I only relatively recently started using Btrfs, so take it with a grain of salt, but personally the biggest thing for me is that it makes it significantly easier to manage more drives with less partitions. I think one of my bigger questions with this set-up is what utility a lot of these partitions serve, and what utility Btrfs might give them? Particularly the media partitions feel like. Why? To me. I understand the home partition being separate to root; if you mess up your root, you still have your personal files; but by having that home partition, your media files are already safe in case of corruption. Beyond that, I don't particularly see what a personal media partition serves to gain from using Btrfs? Compression probably would be at best redundant, as large volumes of media should already be stored compressed, and deduplication also most likely wouldn't be necessary. If what you stand to gain from it is just the RAID capabilities, it's worth considering that the utility of RAID gets significantly diminished when over partitioning.

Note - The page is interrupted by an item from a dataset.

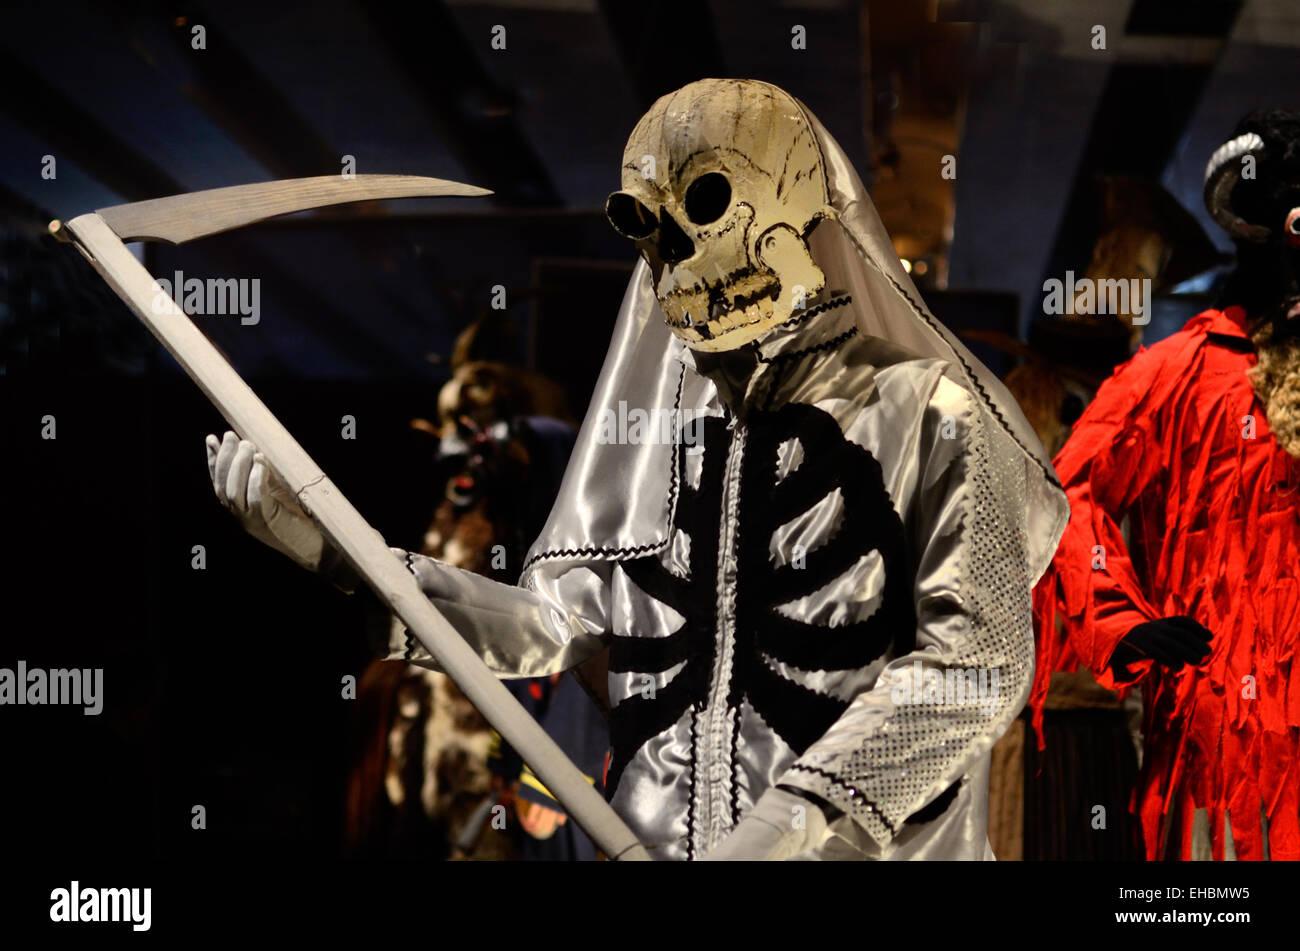 Death Costume Grim Reaper Devil or Satan with Scythe from Zielonki Carnival Poland - Stock Image

Ultimately the point of this isn't to get you to decide against Btrfs, but to give you an idea of the things you may want to consider while making decisions about how you manage your files. All things considered, I think it may still be worth making these filesystems Btrfs for the sole reason of simplifying. Much easier to learn how to interact with one filesystem than many!!!
P.S. after also recently switching to rEFInd I'd recommend starting with installing GRUB, and then when you're able to boot into Linux, THEN switch to rEFInd. It has an issue where, when chrooted, it won't generate the correct boot configuration of the system you're installing it on, it will generate a configuration that would work for the system you installed it from. So if you're installing from an installation medium, it'll generate the correct config for the installation medium to boot, but NOT the system that you're installing Linux on.